→ Directions: All lines from the one containing "your hands hassle-free." to the end of the listing below should be output exactly; omit the pictures.

→ Recorded information:
------------------------------------------------------------

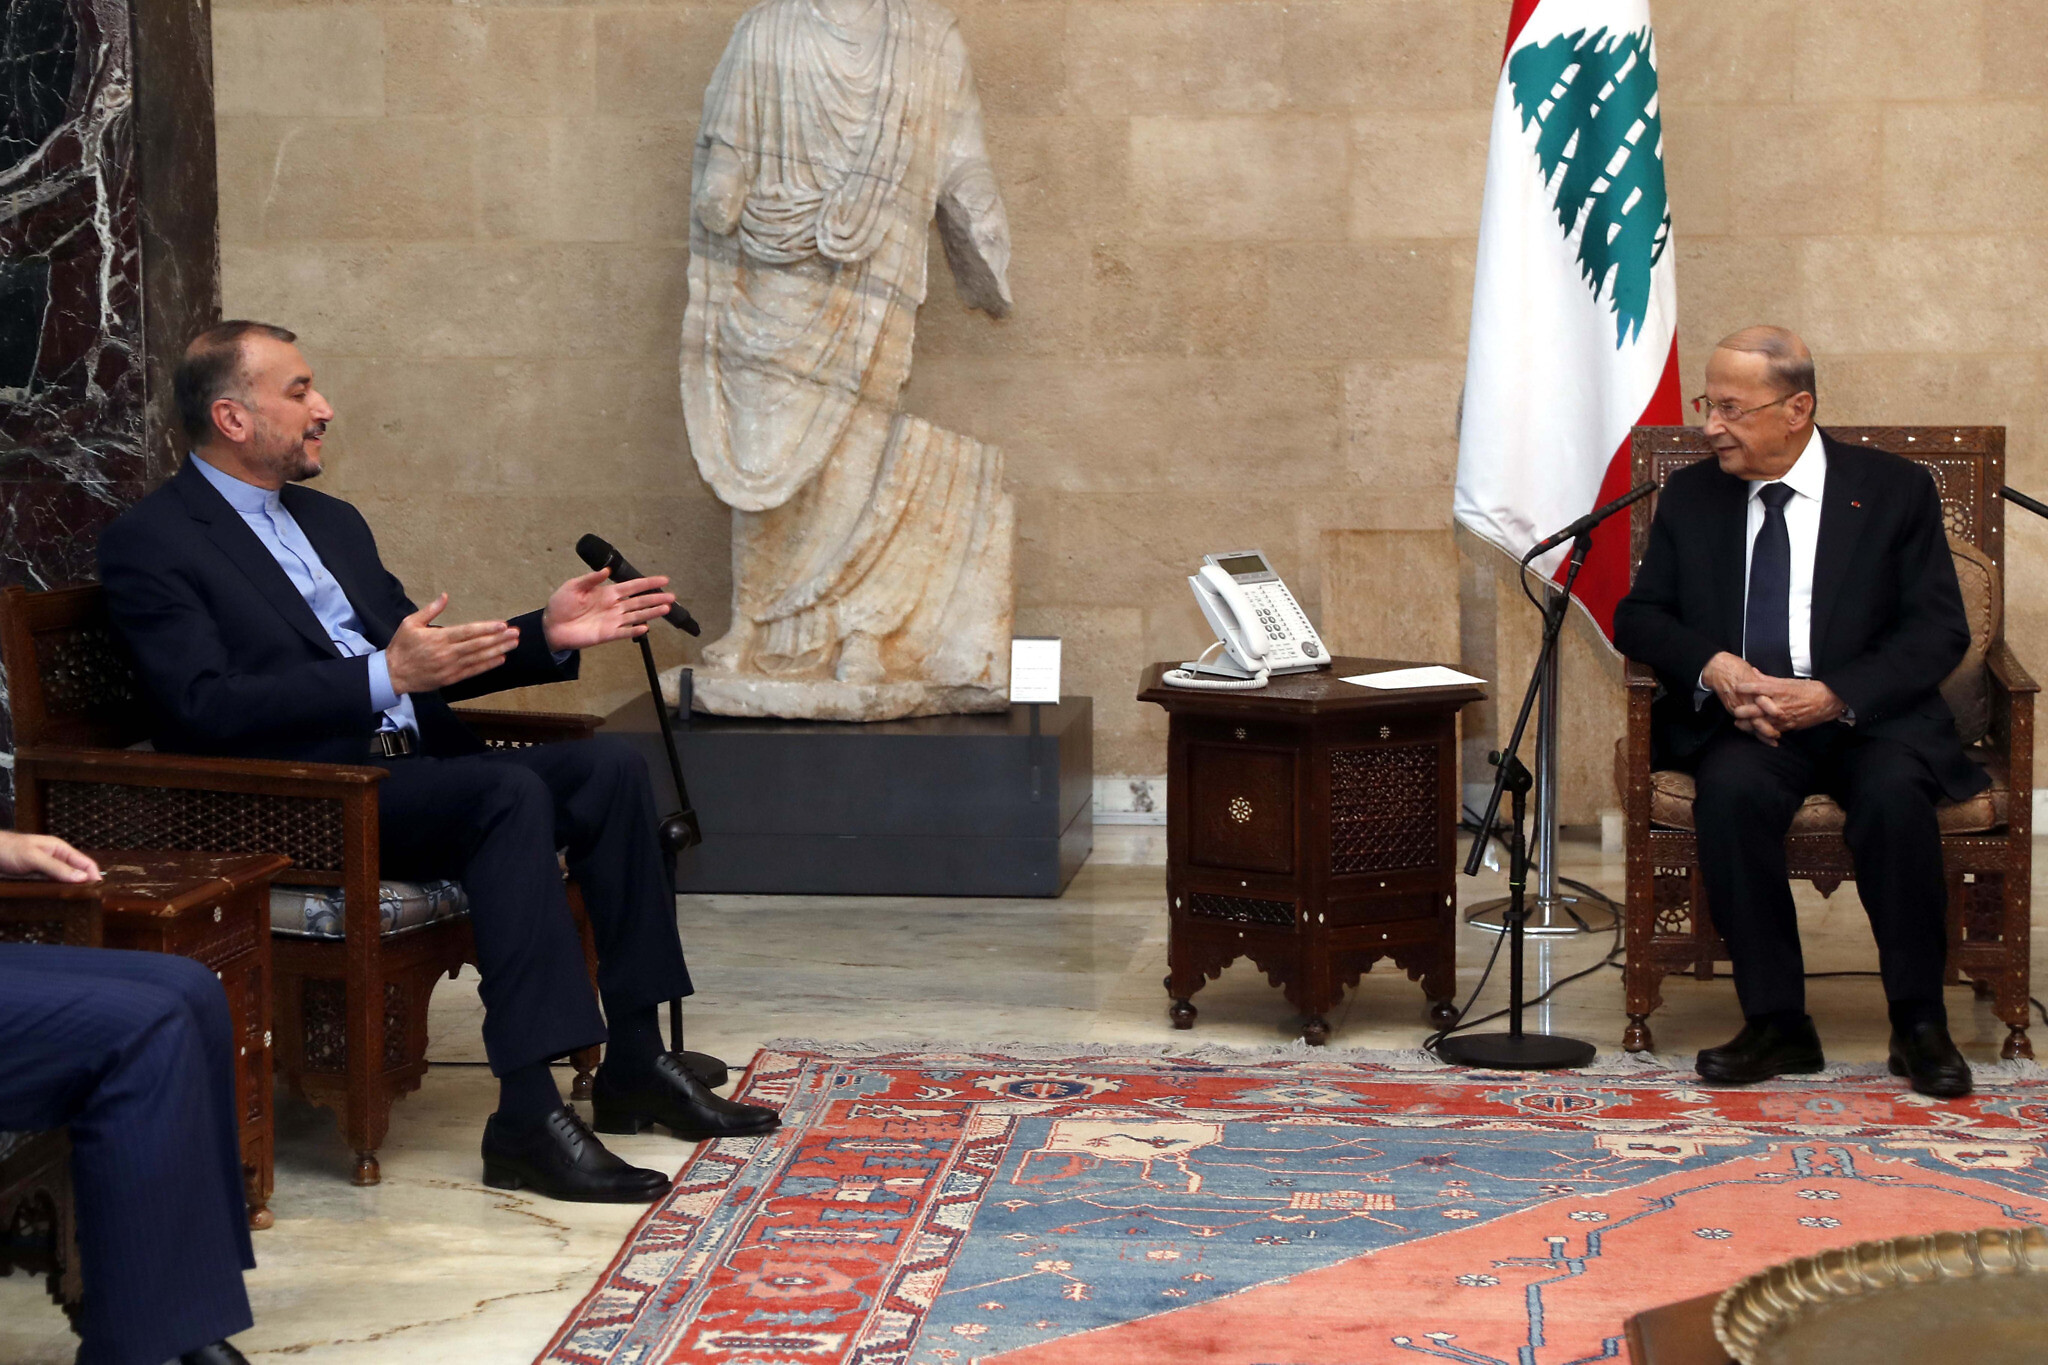 Amir-Abdollahian: We regard Lebanon’s security as integral to the security of Iran and the region
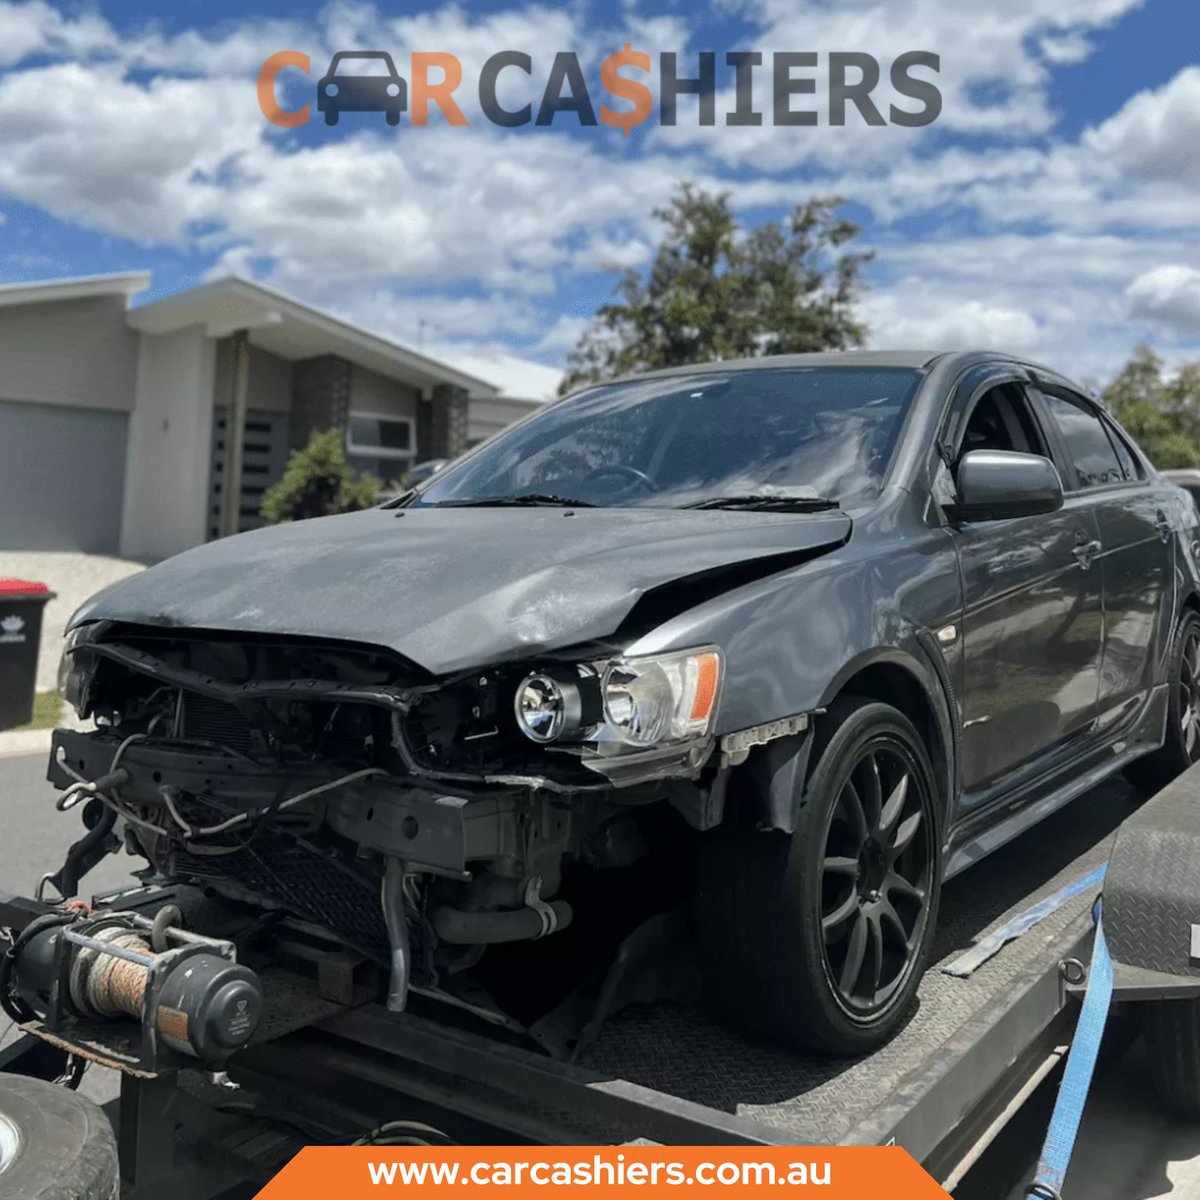 🚗💰 @CarCashiers is here to help with the best prices in town! 💸💯 Whether it's an old clunker or a vehicle that's seen better days, we'll offer you a fair deal and take it off your hands hassle-free.

📞0499 904 865

#CarCashiers #BestPrices #UnwantedCars #SellYourCar

------------------------------------------------------------

→ Task solution:
 🚗💰 @CarCashiers is here to help with the best prices in town! 💸💯 Whether it's an old clunker or a vehicle that's seen better days, we'll offer you a fair deal and take it off your hands hassle-free.

📞0499 904 865

#CarCashiers #BestPrices #UnwantedCars #SellYourCar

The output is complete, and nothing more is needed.